Two of the articles are overviews: Dmitry Travin analyses the reasons for the fall in GDP growth rates and Vladimir Gryaznyevich offers a look at the life of an ordinary person in a big Russian city, using St Petersburg as the example.
Three articles consider individual important issues. Pavel Usanov reflects on the investment climate in Russia today. In one of his pieces, Andrey Zaostrovtsev explains how senior officials who wield considerable influence in the business sphere have a very negative effect on the investment climate. In his second article, he uses pension reform, which has stalled, to show why Putin is unable to effect any serious transformations.
The aim of the series is to highlight some points which may not be evident. Anyone trying to assess the state of affairs in Russia by using just the main statistical data and impressions gained in the centre of such big cities as Moscow or St Petersburg can very easily arrive at a distorted picture of reality. This observer will discover that the life of an everyday Russian is not very different from that of the inhabitants of most European countries. Muscovites and Petersburgers dress well, drive good cars, go to cafes and restaurants and buy roughly the same goods as people in the West. And, moreover, the Russian economy growth rates are even slightly higher than on average in EU countries. Today’s Russian government likes talking about this, though not about what lurks behind the outer shell.

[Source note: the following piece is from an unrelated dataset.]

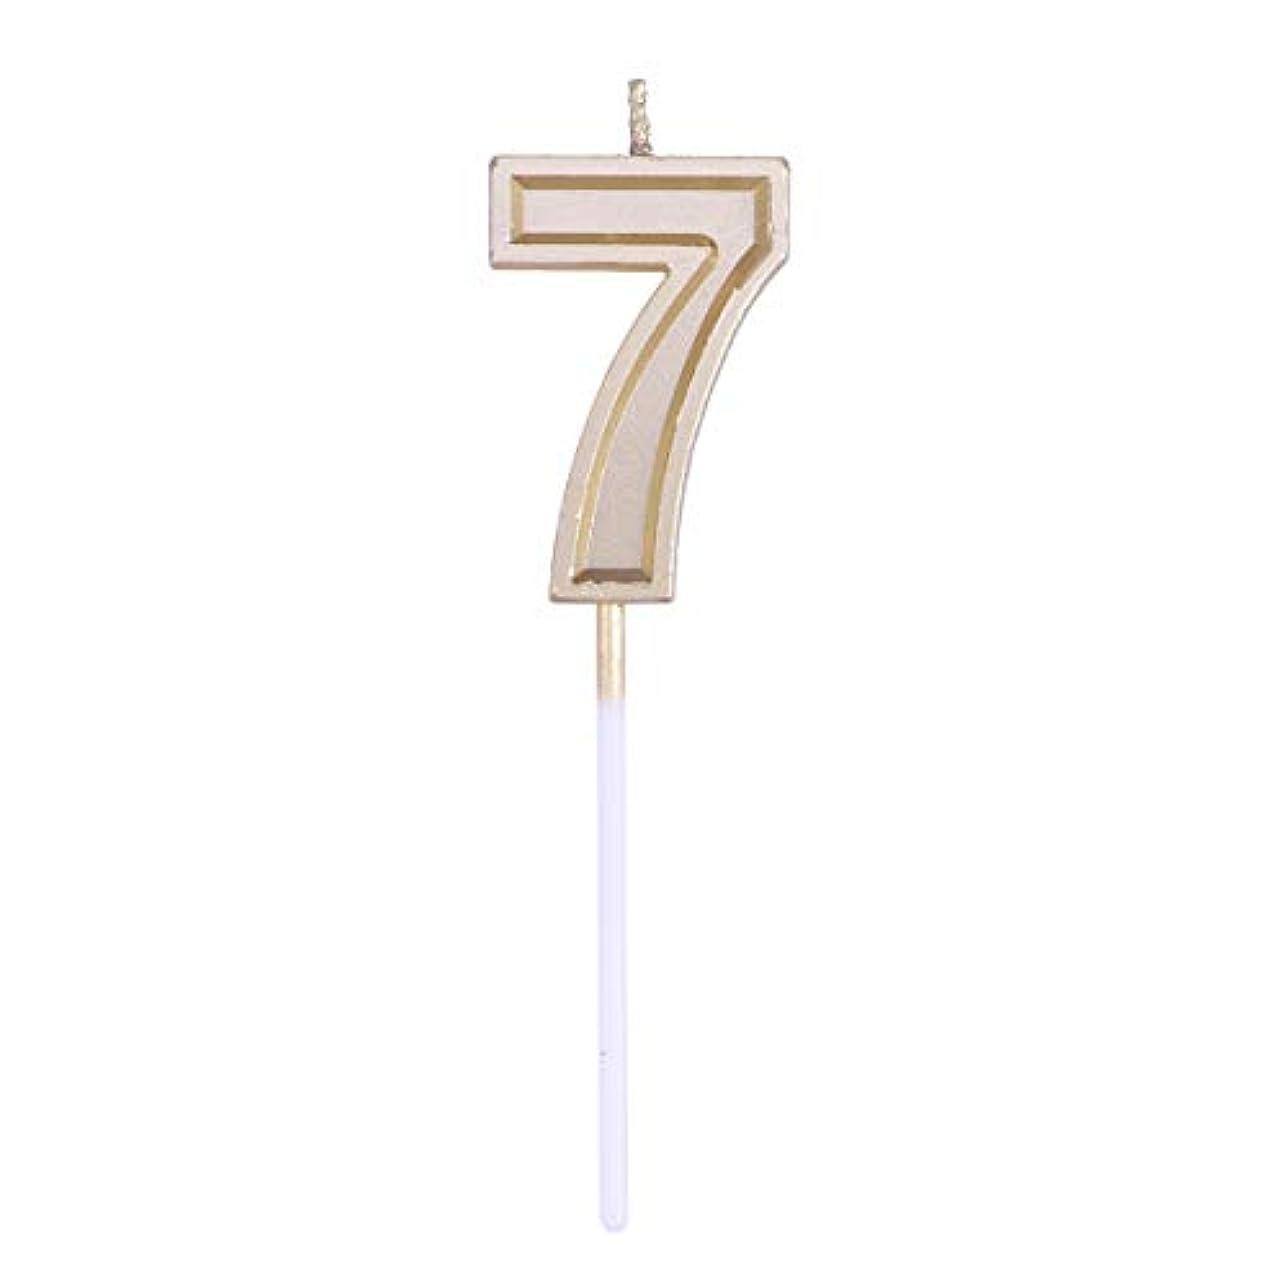 トイレ暖炉開発Toyvian ゴールドラメ誕生日おめでとう数字キャンドル番号キャンドルケーキトッパー装飾用大人キッズパーティー(番号7)

It is precisely what is behind the exterior that we wish to illuminate in our series. The reasons for doing this are twofold.

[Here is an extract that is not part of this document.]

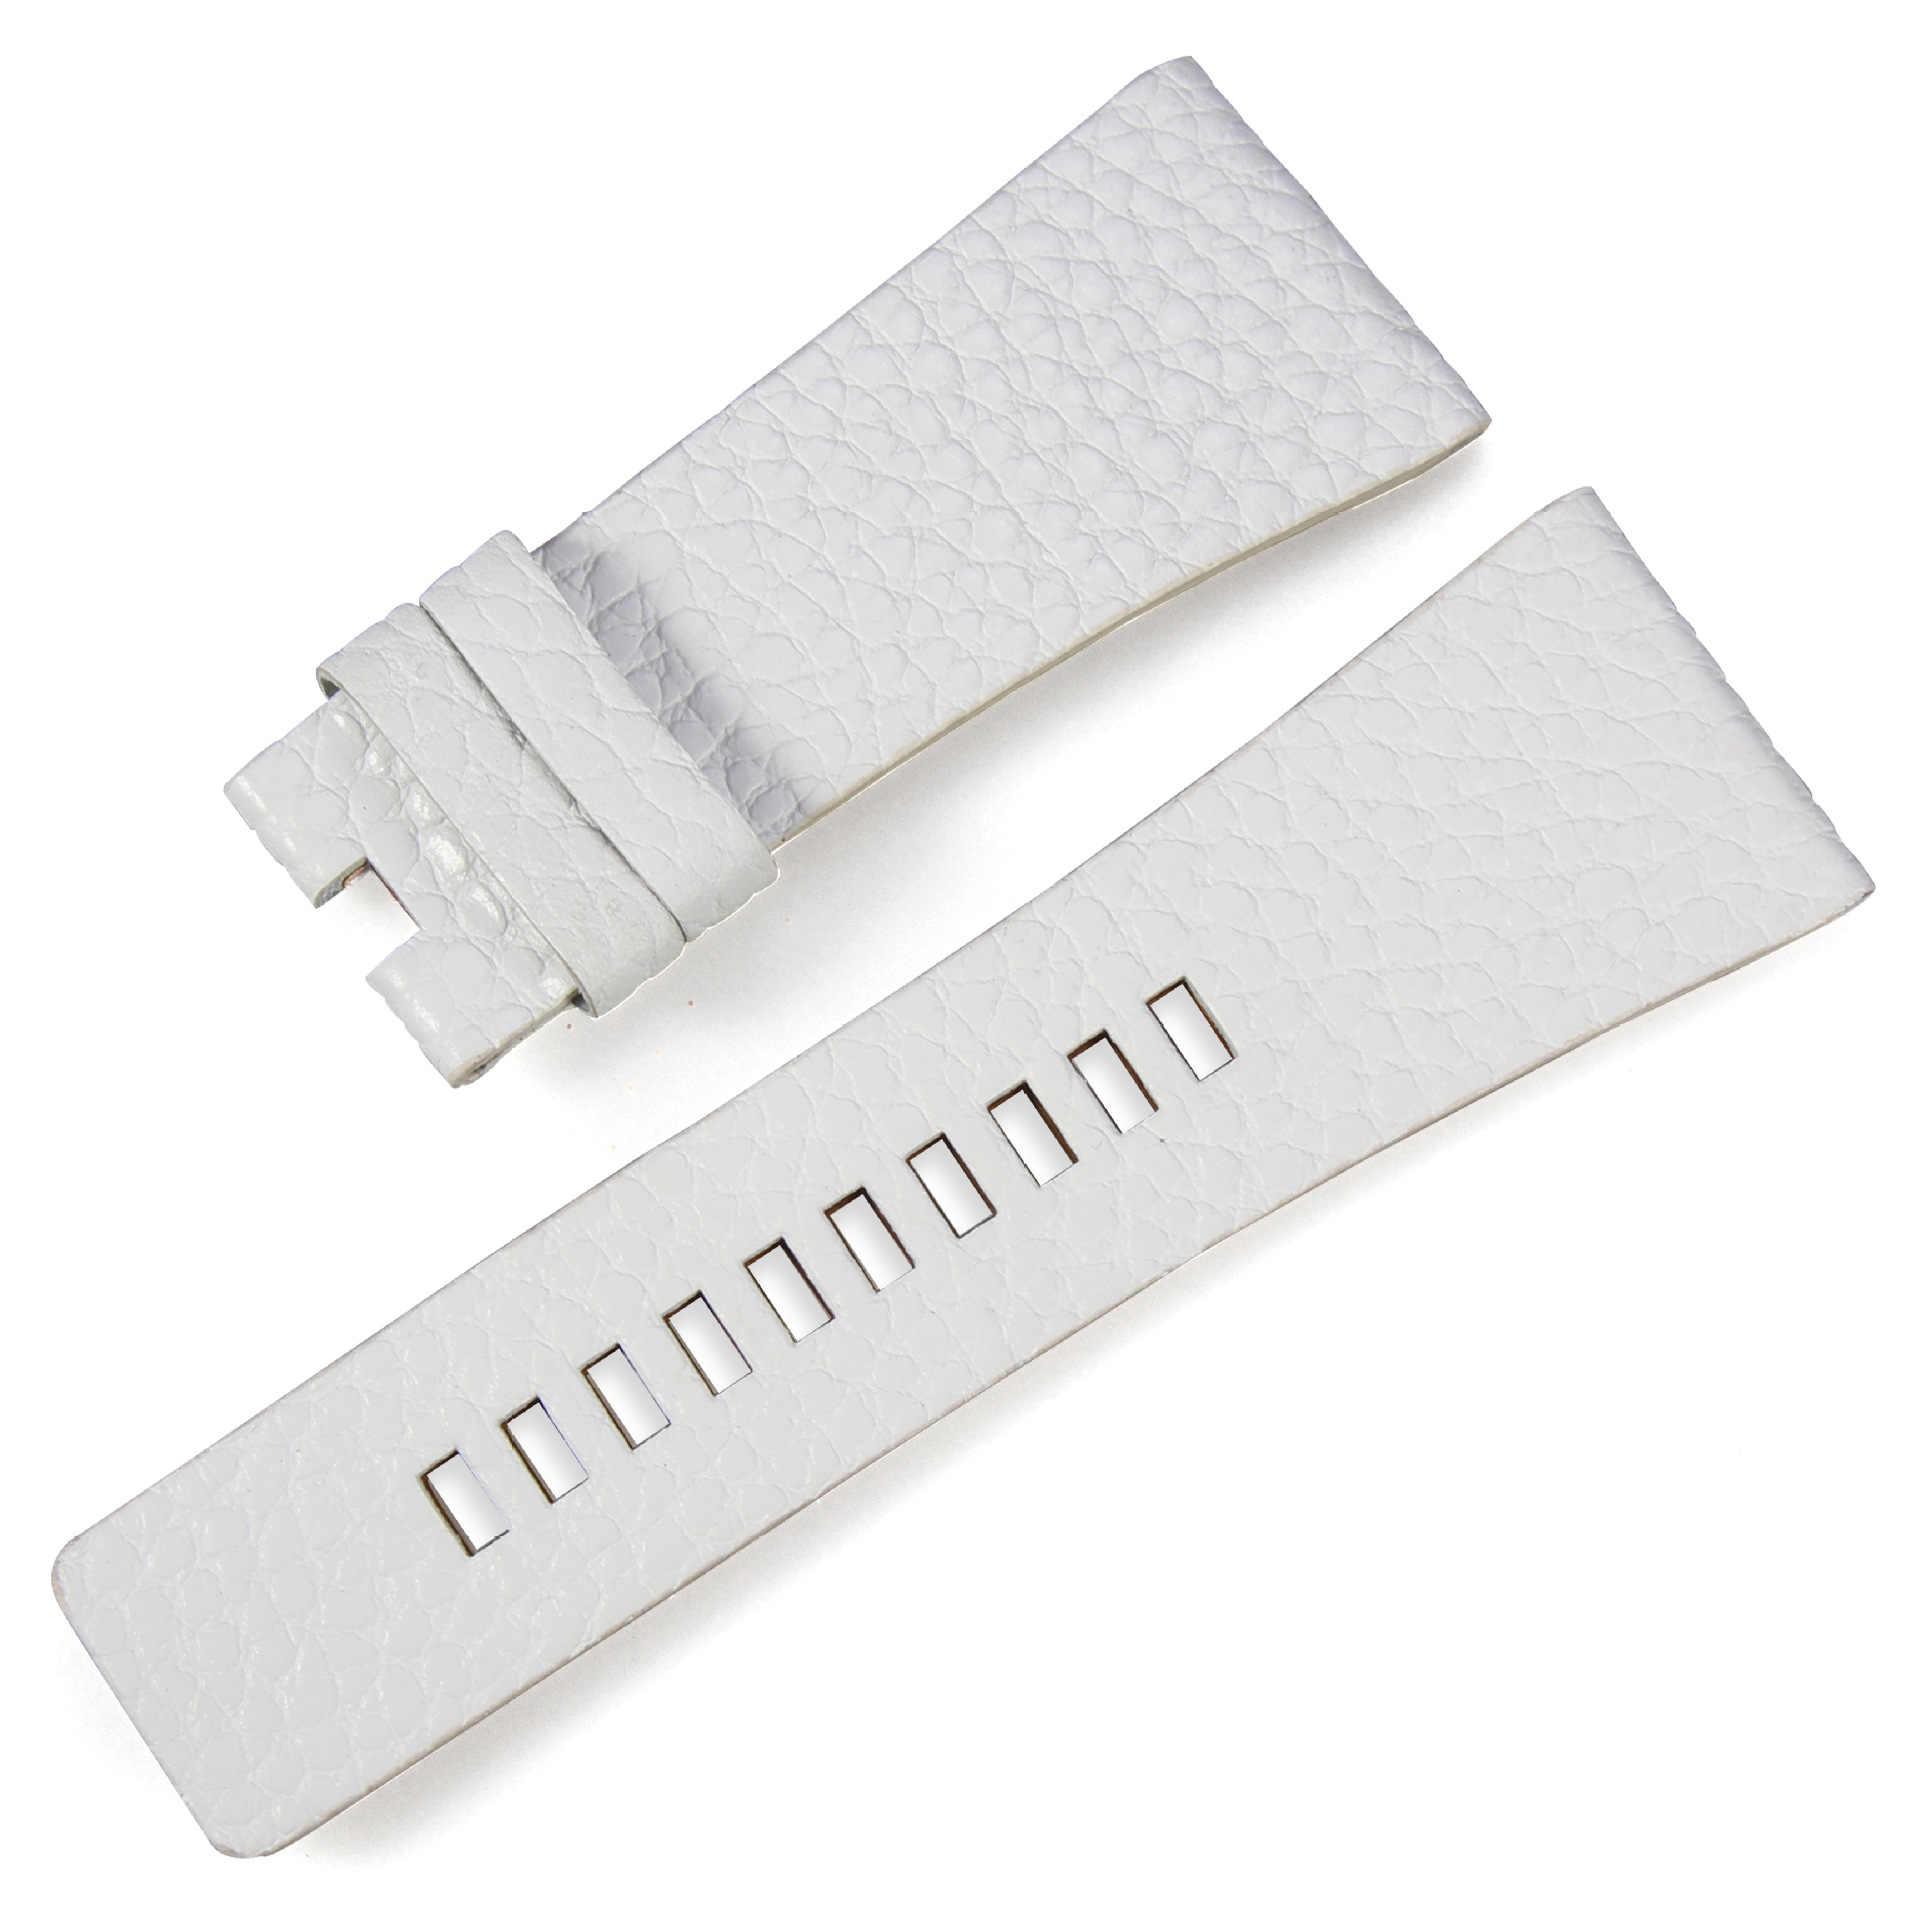 Correa de cuero genuino blanca con textura litchi para reloj diésel de 24mm 26mm 28mm de marca para hombre y mujer accesorios de

Firstly, today’s wealth is in many ways predicated on the considerable revenue Russia receives from its oil and gas exports. The reader should understand that, should the energy market conditions deteriorate, the prosperity could very quickly evaporate. What you see in Russia today is not completely compatible with life in countries with economies less dependent on market conditions.
'Anyone trying to assess the state of affairs in Russia by using just the main statistical data and impressions gained in the centre of such big cities as Moscow or St Petersburg can very easily arrive at a distorted picture of reality.'
Specialist observers have already had to endure the shock of seeing the economy of the great Soviet Union collapse in literally a few years (end 80s-early 90s) and the ensuing plummeting living standards. Something similar could happen again, although not on the same scale, of course.

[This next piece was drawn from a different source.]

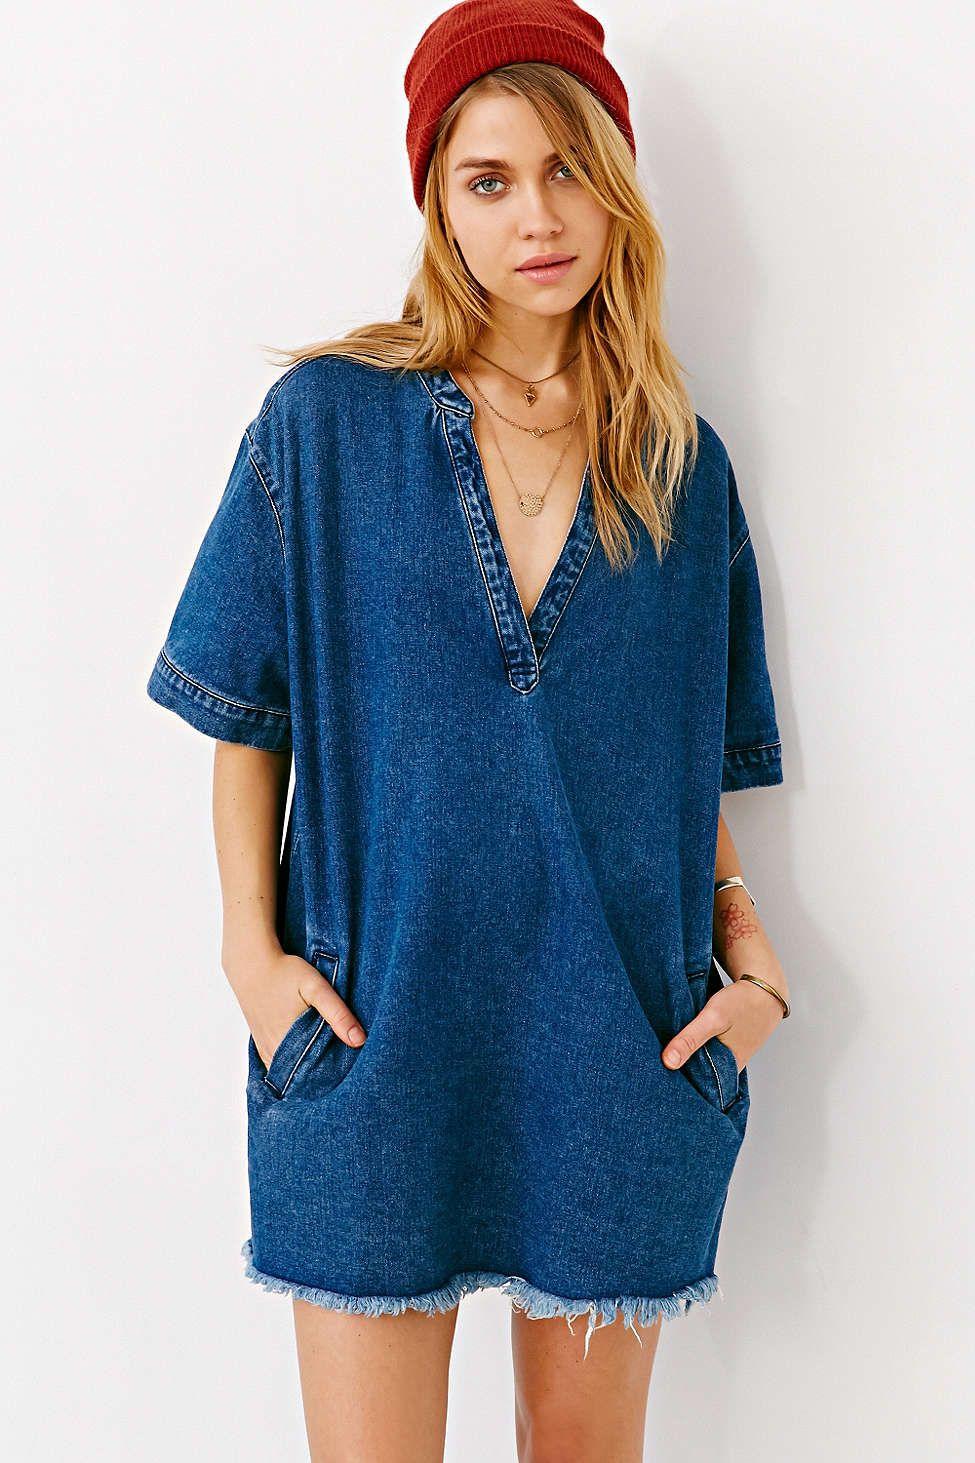 f93f7220972 Urban Outfitters Denim Shirt Dress - raveitsafe

Secondly, the income spread in Russia is very large. People who can afford expensive cars and restaurants are a very small part of society. On the outskirts of the big cities, in environmentally-challenged industrial zones and in small towns where there’s no work, everything looks very different. Only with much higher GDP growth rates will Russians to be able to live approximately similar lives to EU citizens. These rates are an impossibility without serious changes to the economy so as to attract capital, build up high-tech enterprises and create well-paid jobs. This is the only way of improving the lives of the majority of the population.
Even if oil and gas prices hold up and there is no catastrophe in the Russian economy, the second of the problems I listed above will certainly affect the situation. Countries wishing to catch up with those in the vanguard of development, have to make sure that growth rates are considerably higher than they are in today’s Russia. This is what some European countries did in the 50s and 60s, as did Japan at the same time. Over the past 30 years China has taken that path, and India over the past 20 years. Although Russia (with China, India and Brazil) is a member of the BRIC grouping, its development has been very different. Russia today is more like Asian countries who concentrate on oil exports. Average living standards are actually higher than in China, India and Brazil, but all the wealth derives from natural resources, so establishing a stable democratic society with a developed market economy in Russia today would be difficult, despite the external similarities between life in Moscow and St Petersburg and the big cities of the West.
But this does not mean that Russia can expect the same revolutionary processes that are happening today in Arab countries. In that way Russia is not like Asia. Although Putin does little for the dynamic development of his country, he is fairly firmly ensconced in his presidential chair. The current political regime will only collapse if there is a dramatic fall in living standards.